Remembering 9/11 A Decade Later and Two Very Important Professions

This Sunday is the ten-year anniversary of an event that changed our lives forever: the terrorist attack on America in New York City, Washington, D.C., and Pennsylvania. I'm sure that everyone has their own story with regards to where they were when this unthinkable act took place. Like in the country song title by Alan Jackson, it's a question that will be asked for years to come: "Where Were You When The World Stop Turning?". This question has been asked as often as wondering where someone was when President Kennedy was assassinated on November 22, 1963 or asking a Charlestonian where they were when Hurricane Hugo made landfall on September 21, 1989. While countless Americans can recall what was going on in their lives, I'd like to share mine and how safe I felt recently while being on an airplane for the first time in my life in almost twenty-four years. I'd also like to express my admiration for those who work in two very important professions: firefighter and pilot. I'm not either one of these. I am, however, an average American who just wants to reminisce and give credit to these noble professions.

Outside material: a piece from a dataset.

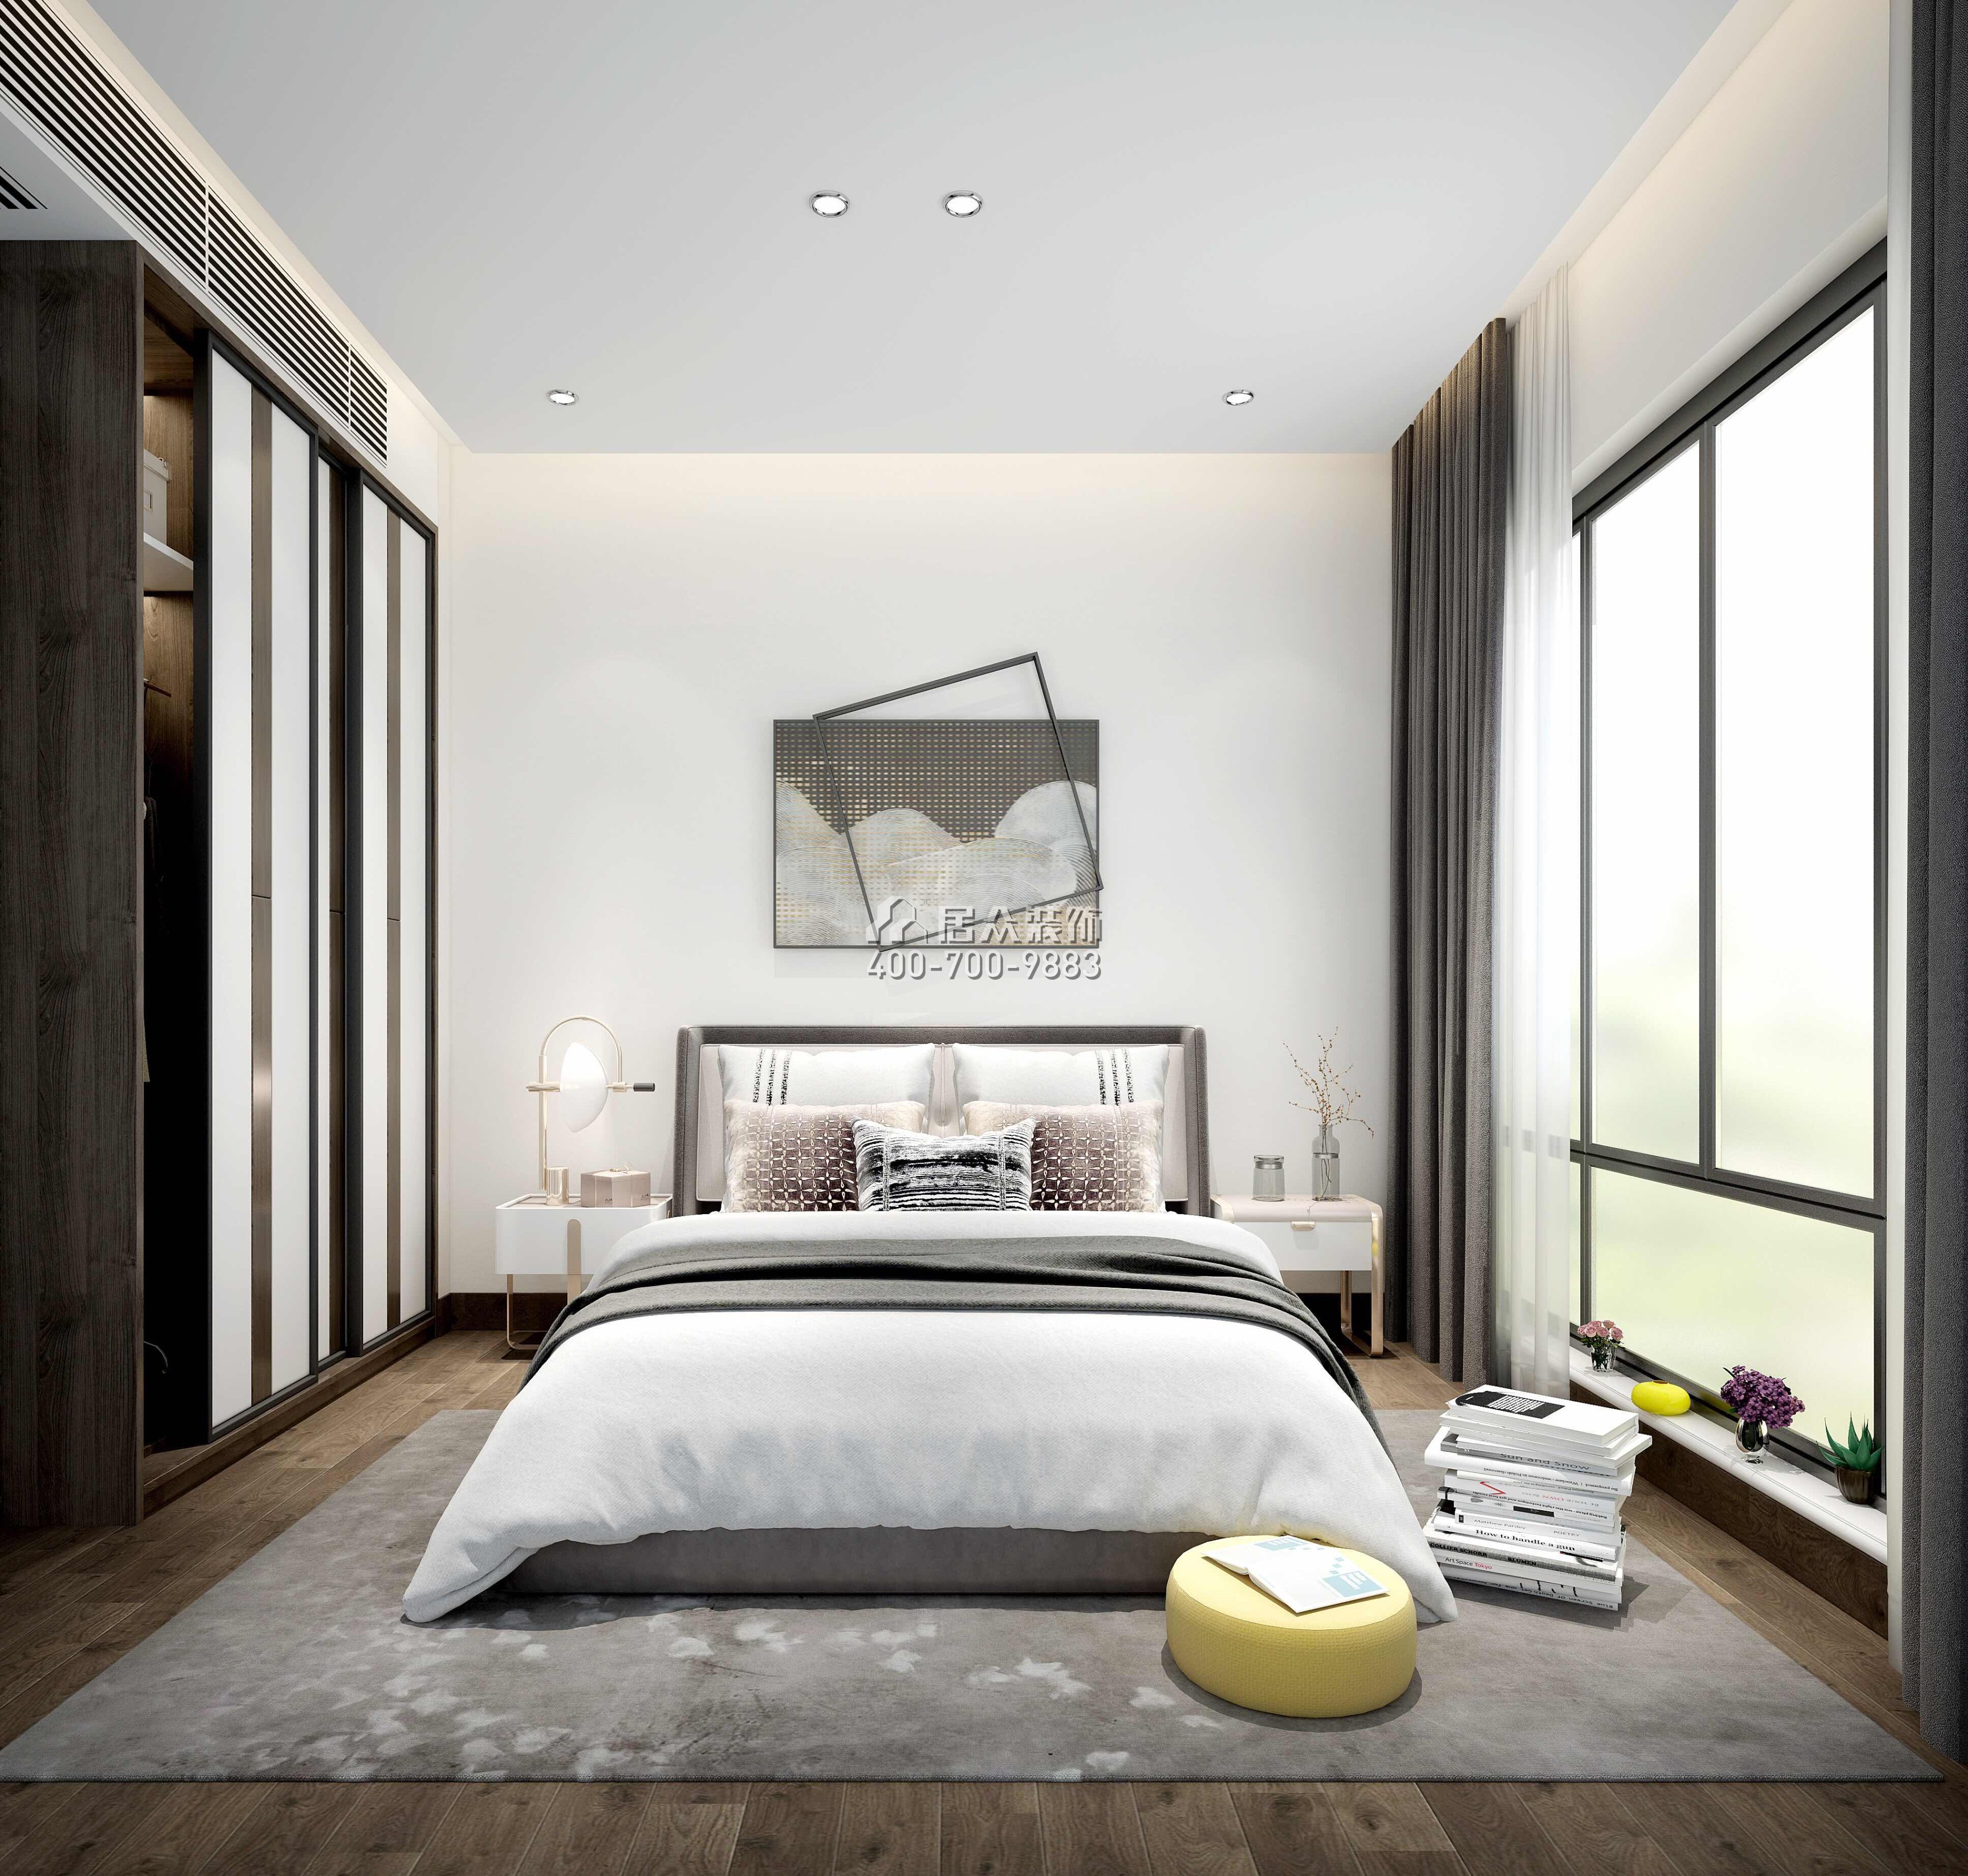 锦东花园A区196平方米现代简约风格平层户型卧室装修效果图

September 11, 2001: I was working for LabCorp in North Charleston. Like anyone who works in an office, I had my own personal cubicle with things on the desk that symbolized me: pictures of loved ones, a little tomahawk to remind me of my favorite baseball team: the Atlanta Braves, and a clock radio that meant I could listen to whatever music I wanted to. As my day started, I smiled as I looked at the little tomahawk on my desk. As an Atlanta Braves fan, the first thing that popped into my head was "Today is the ten-year anniversary of the first ever combined no-hitter in National League history, and it was done my boys: Kent Mercker, Alejandro Peña, and Mark Wohlers. When I get home from work, I'm going to celebrate the event by watching the Braves game while wearing my cap and T-shirt." Then, it happened!

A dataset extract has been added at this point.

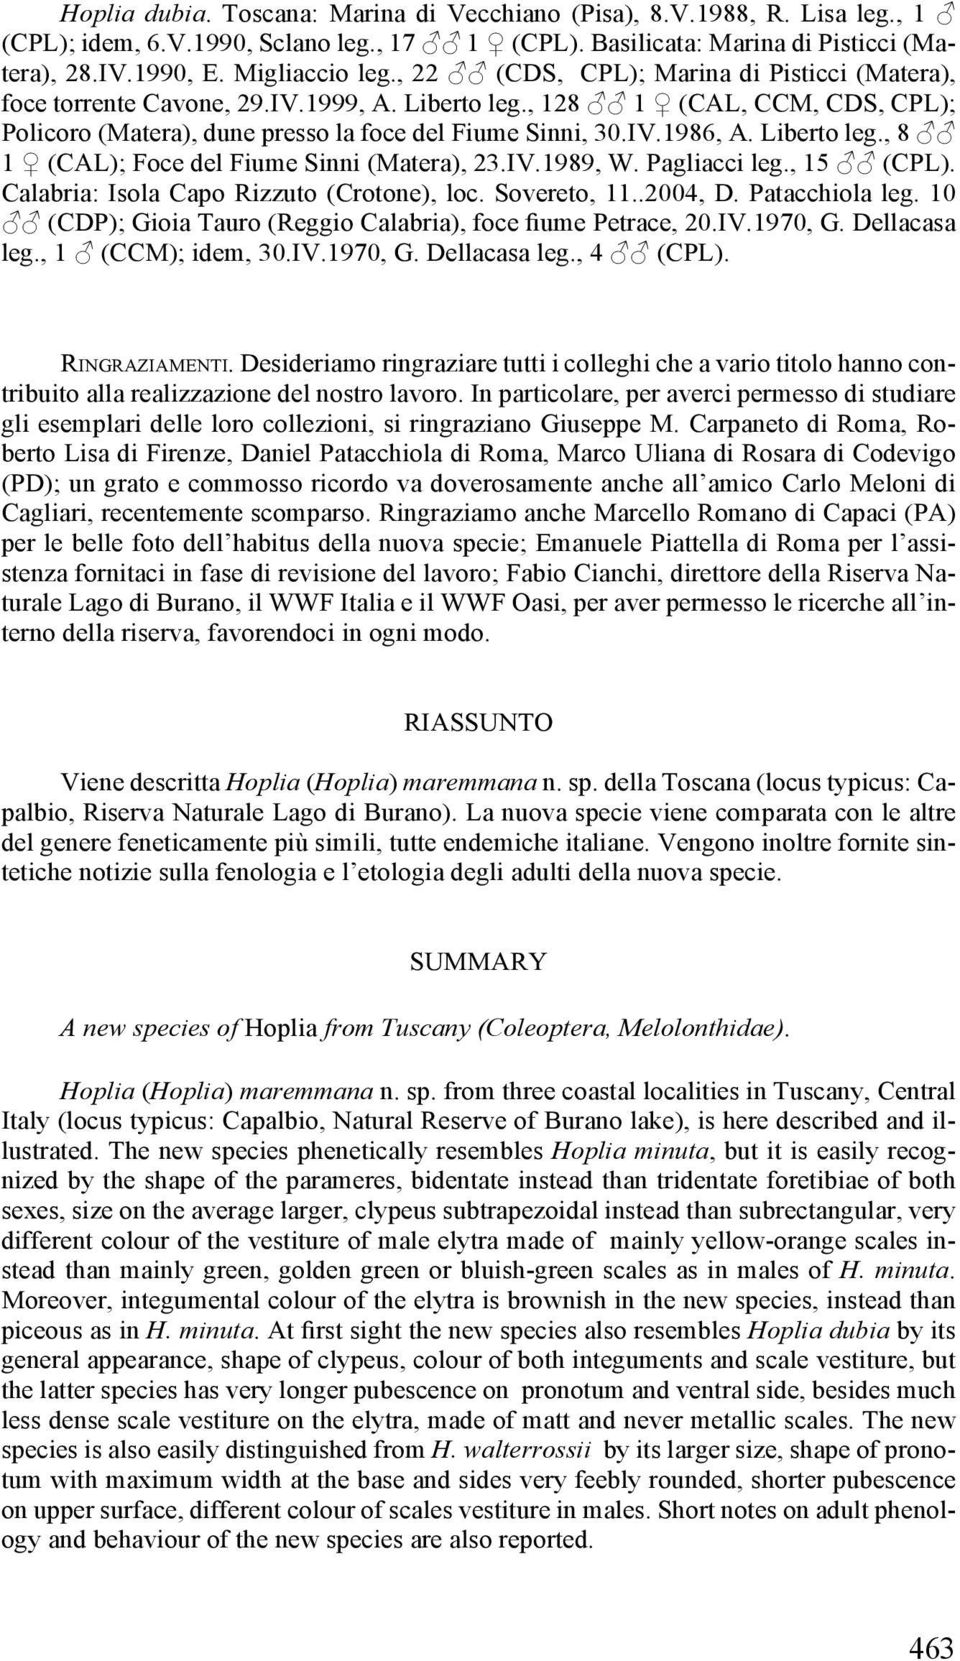 Liberto leg., 8 1 (CAL); Foce del Fiume Sinni (Matera), 23.IV.1989, W. Pagliacci leg., 15 (CPL). Calabria: Isola Capo Rizzuto (Crotone), loc. Sovereto, 11..2004, D. Patacchiola leg.

Just as I started working at my computer, the music on my radio changed into live news update as this tragedy unfolded. I couldn't believe it! My mood changed from celebratory sports fan to saddened and dumbfounded American. After all, my dad and I took a trip to New York City while I was a senior in high school. What a wonderful experience it was! All of the landmarks we saw and all of the food we ate came back to me in floods of memories. Now, one of the landmarks that I remember seeing was now on the virge of utter destruction and tragedy.

In the decade that has passed since 9/11, I've only flown once. I recently came back from a medical mission trip to Nicaragua, and I must admit that I had a few butterflies in my stomach. I didn't want to be afraid because that's what terrorists want. They don't want us to go on with our regular lives. Still, I was excited to travel to another country while offering a loving hand to a different culture. The airport security did what they had to do in order to make sure that there wasn't anything unsafe about our flight. Aside from a little turbulence on the way, the flight was a smooth and enjoyable one. The pilots and stewardesses made sure that everything was just right. I tip my hat to them.

I'd also like to tip my hat to anyone who works in the fire department. In addition to the firemen that we lost as a country ten years ago, Charleston lost nine of its own in a tragic Sofa Super Store fire on June 18, 2007. These men went out of their way to keep a blaze from spreading further down Savannah Hwy and save their fellow man. More than that, firefighters are just plain nice people. In fact, they take "Nice" to another level. When I go into a retail store and have a pleasant shopping experience or dine at a restaurant and the waiter or waitress smiles at me while he or she refills my beverage with a genuine smile, I usually say: "He (or she) was nice." Firefighters wave at children, proudly talk to people about their profession, drive a big vehicle, wear uncomfortable uniforms, and put their lives on the line every time an emergency occurs. At the same time, they still have an unmistakable smile and friendliness that makes Santa Claus look like the Wicked Witch from "The Wizard Of Oz." I tip my hat to them as well.

As the ten-year anniversary of 9/11 approaches, it's not only important to remember the soldiers who have given their lives to keep us safe and free, but it's also important to remember other people in these careers where another human being's safety is top priority and takes precedence over their own. Why there isn't a national holiday dedicated to these lines of work, I'll never know! Why we have Secretaries' Day and not a Securities' Day makes absolutely no sense. While secretaries work hard and deserve recognition, firefighters and pilots deserve to be in a class and have a national holiday all to themselves. So, the next time you land at an airport and pass the cockpit with someone at the helm who made sure that you made your destination in one piece or see a group of individuals wearing navy blue T-shirts assembled around a candy apple-colored vehicle the size of a Pepsi delivery truck, what would you do? I thank them for keeping me safe and out of danger.

Awesome read, Reid! I agree

Awesome read, Reid! I agree these career professionals put their life on the line for us and should be congratulated.